JAKARTA, SAWIT INDONESIA – Kalangan petani dan peneliti mengharapkan moratorium sawit tidak berlaku kepada perkebunan sawit milik petani. Pasalnya, petani hanya membuka lahan antara satu sampai dua hektare.
Hasril Siregar, Direktur Pusat Penelitian Kelapa Sawit (PPKS) mengharapkan perluasan walaupun tidak banyak tetap dibutuhkan terutama untuk petani. “Kita tahu petani butuh kesejahteraan. Makanya, petani masih perlu tambah lahan apalagi komoditas sawit bernilai tinggi,” ujar Hasril dalam jumpa pers pada Selasa, (19/4).
Sementara itu, Asmar Arsjad mewakil Asosiasi Petani Kelapa Sawit Indonesia (Apkasindo) mengusulkan supaya penghentian ijin baru kelapa sawit yang dirancang Presiden Joko Widodo supaya berjalan terbatas. Dikhawatirkan moratorium ini menghilangkan pendapatan petani.
“Maksud terbatas disini yaitu berlaku bagi perusahaan besar. Namun untuk petani yang lahannya seluas 1-2 hektare akan berpengaruh kepada pendapatan mereka,” kata Asmar.
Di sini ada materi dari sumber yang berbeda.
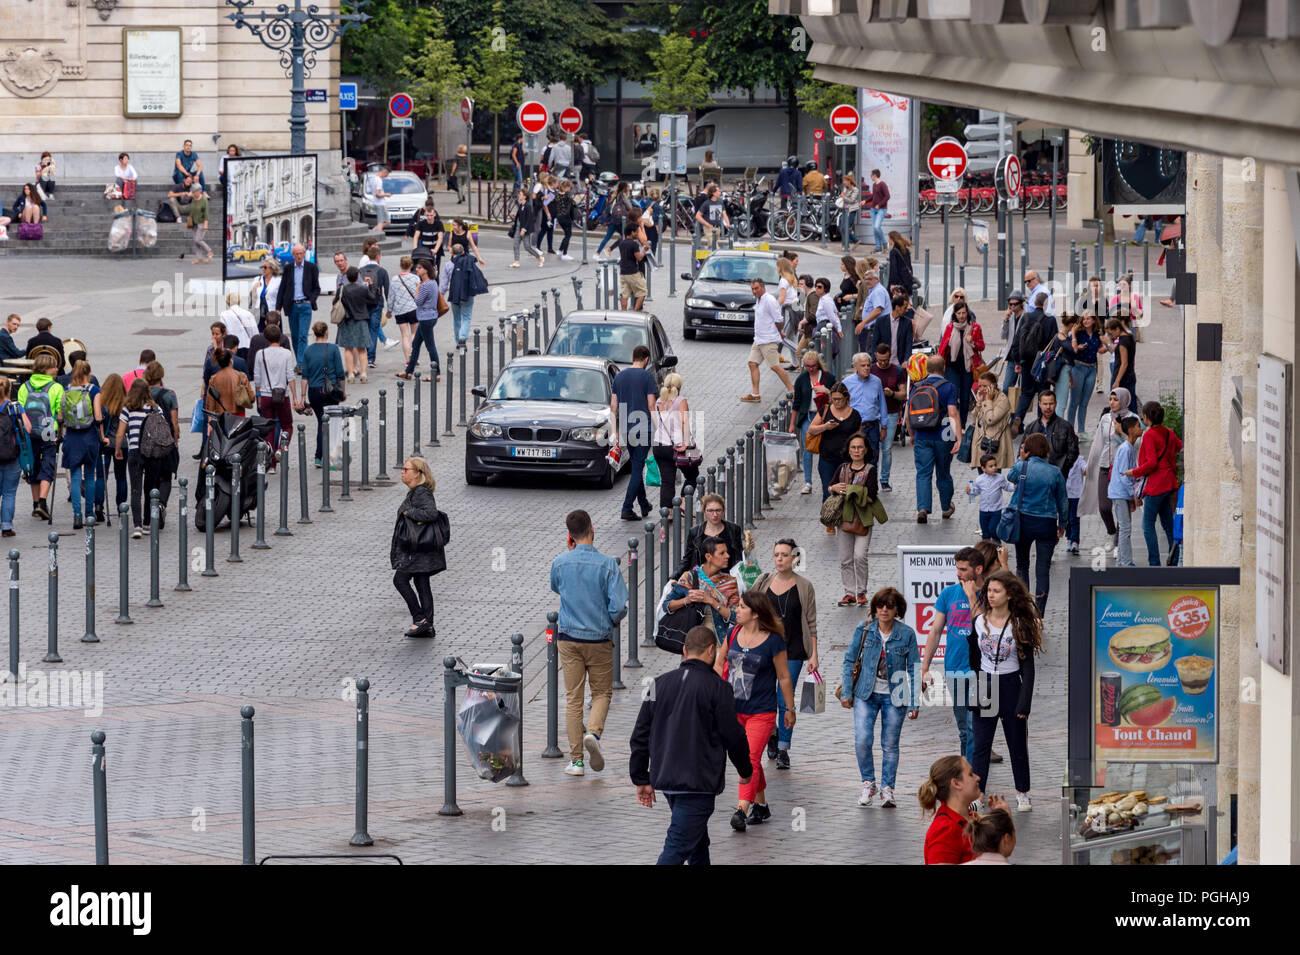 Lille, Francia - 15 de junio de 2018: los peatones caminando por la Rue des Manneliers street. Imagen De Stock

Hingga tahun ini luas perkebunan kelapa sawit milik petani sekitar 4,88 juta hektare dari total 11,8 juta hektare di seluruh Indonesia.
Hasril mengusulkan supaya perkebunan sawit petani mendapatkan perhatian lebih untuk memperbaiki produktivitas. Tingkat rata-rata produksi CPO yang dihasilkan kebun petani masih 2,5 ton per hektare per tahun.
Menurutnya, produktivitas rendah disebabkan masalah klasik yaitu penggunaan benih asalan dan minimnya implementasi teknis budidaya yg standar.
“Banyak juga sekarang ini pedagang benih palsu yang menawarkan benih seharga Rp 1.000-Rp 1.500 per kecambah ke rumah-rumah petani,” imbuh Asmar.
Pemerintah diharapkan membantu masalah benih asalan dengan penyediaan benih unggul. Melalui program Kegiatan dukungan perbenihan perkebunan dengan anggaran sebesar Rp82,21 miliar. (Qayuum)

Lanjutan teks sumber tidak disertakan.